***** Collected material
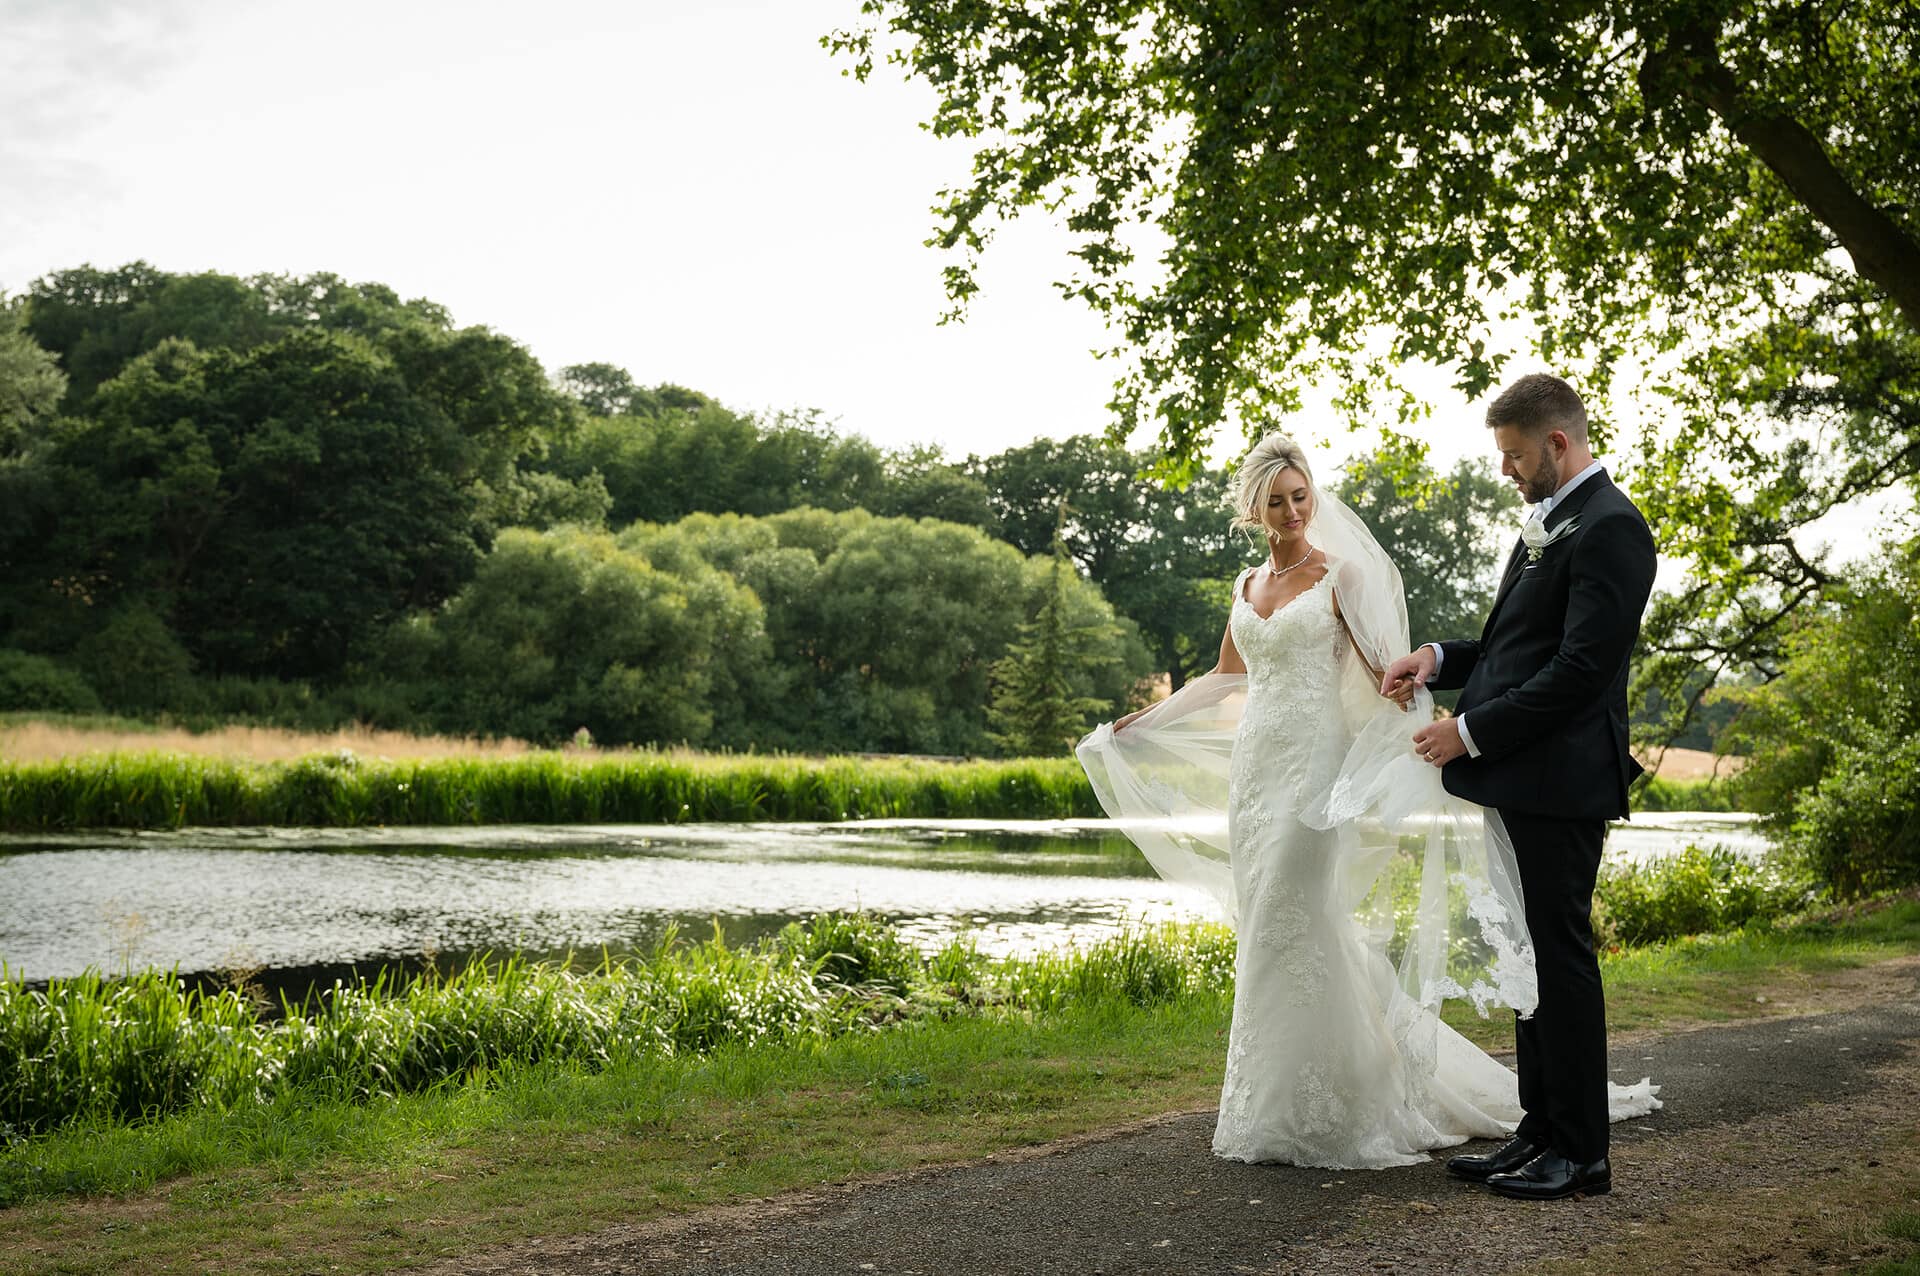 Groom helping bride with her veil as they walk along a lakeside path
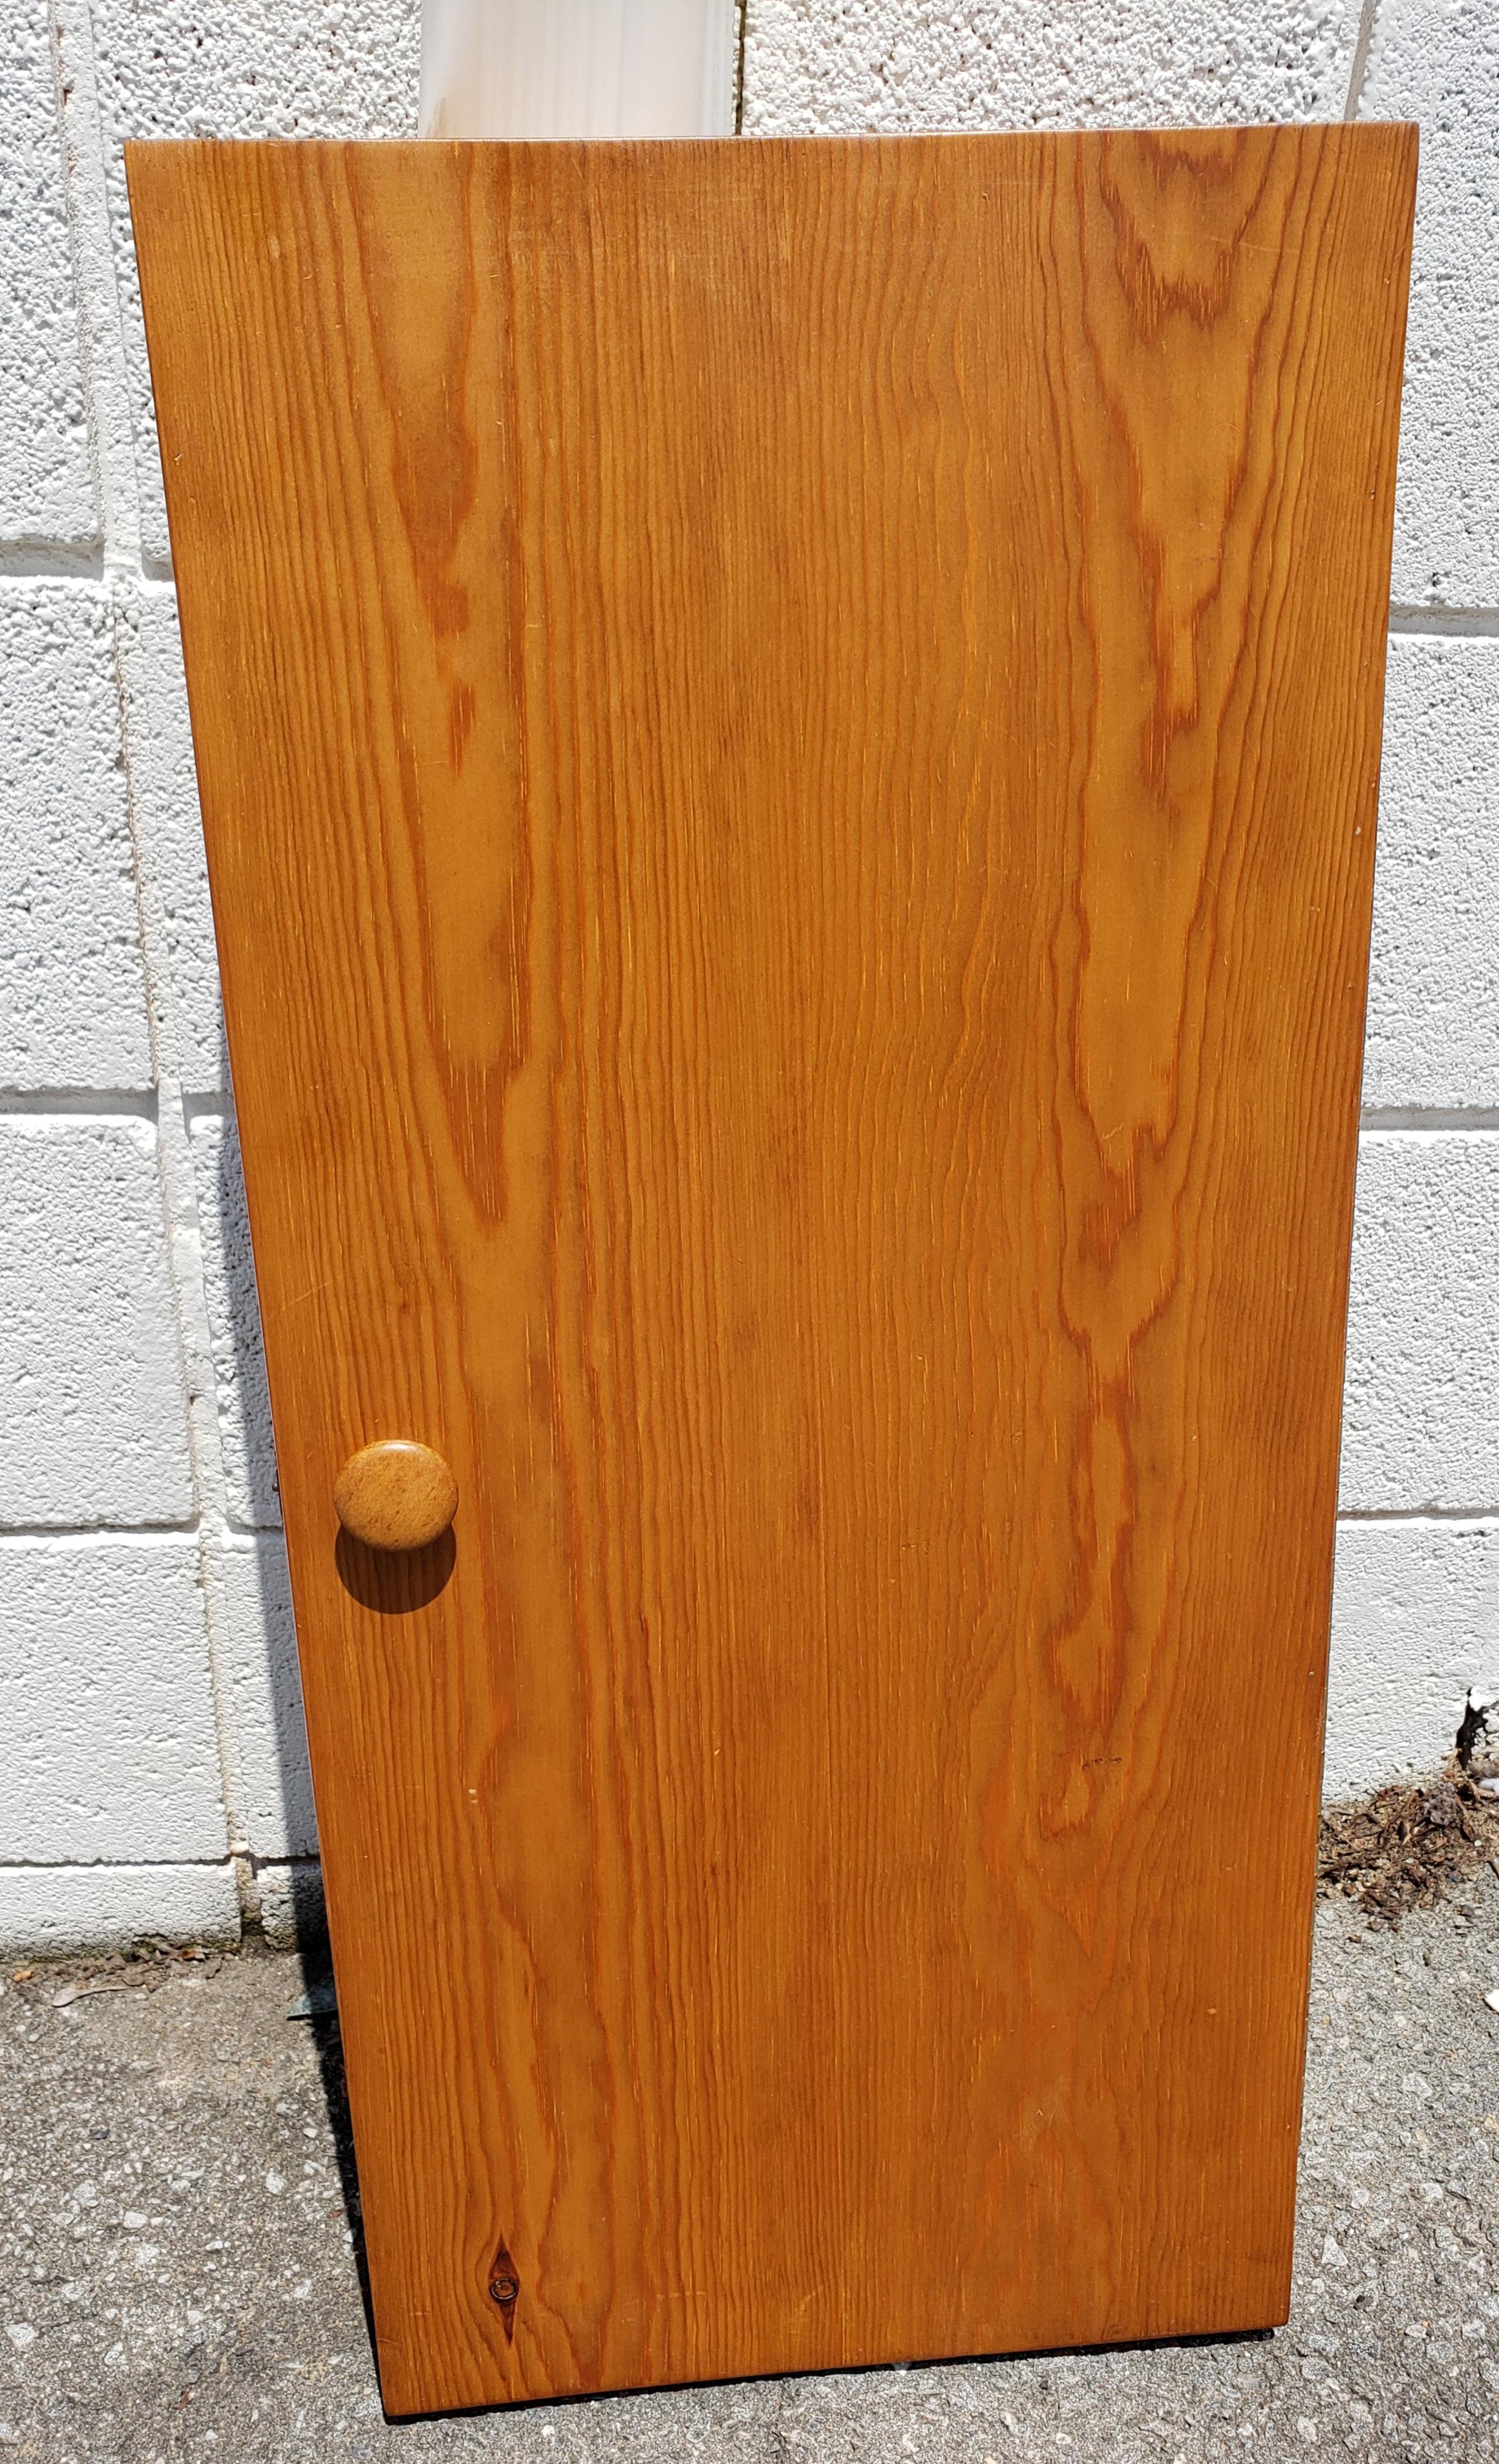 A Late 20th Century Amish Hand-Crafted Pine Wall Cabinet in great vintage condition. Measures 13.75
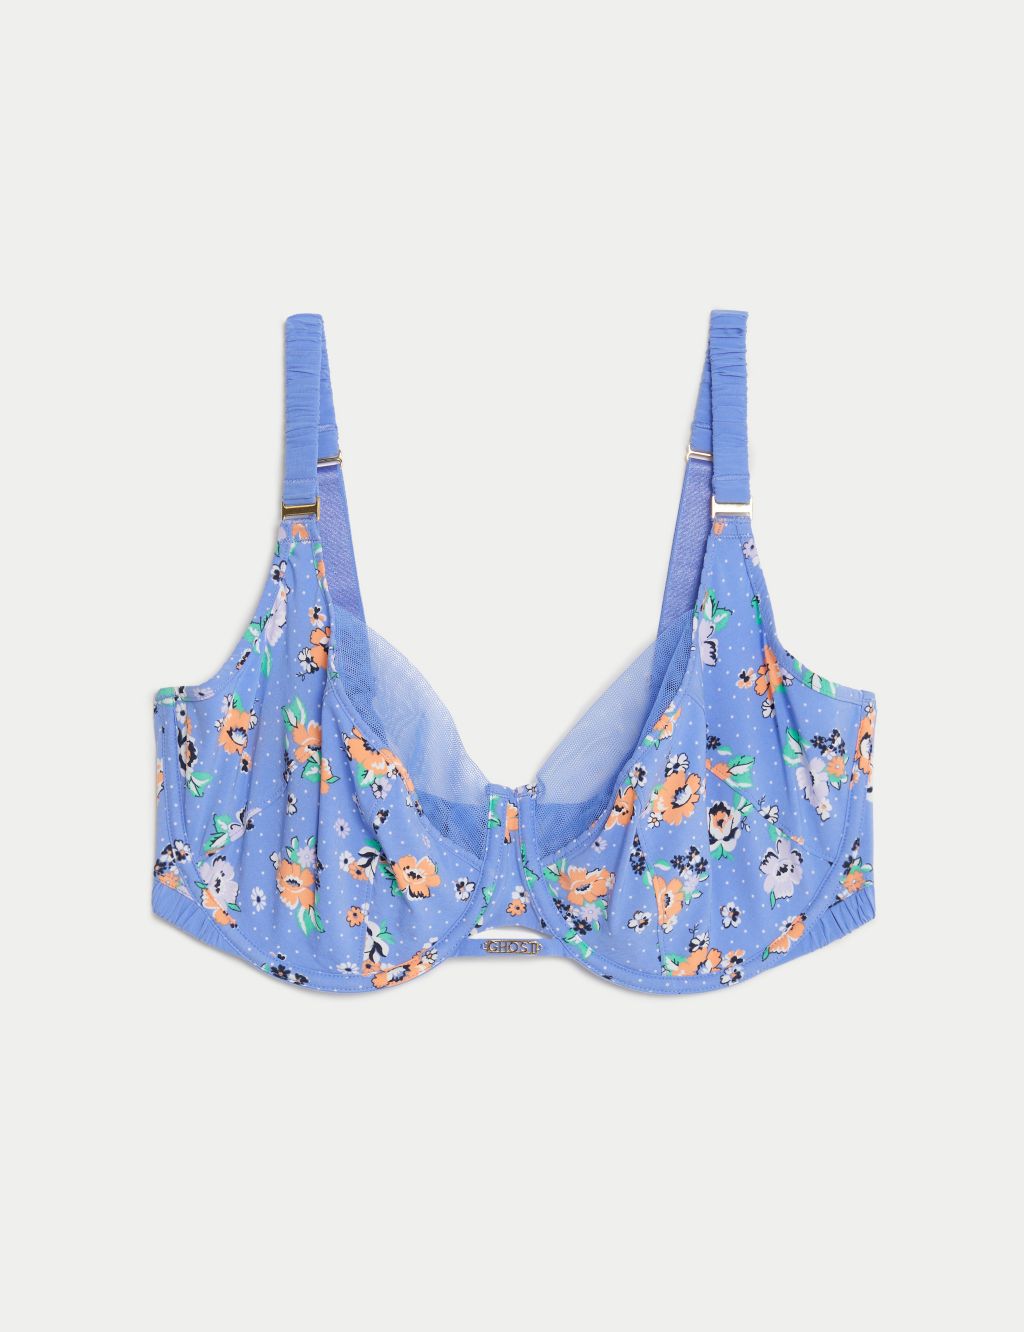 Marie Print Wired Full Cup Bra (F-H) image 2
**********
## Instructions to follow
Word for word, retype all of the data above, but include no pictures.

## Result of the exercise
 Groom helping bride with her veil as they walk along a lakeside path
 A Late 20th Century Amish Hand-Crafted Pine Wall Cabinet in great vintage condition. Measures 13.75
 Marie Print Wired Full Cup Bra (F-H) image 2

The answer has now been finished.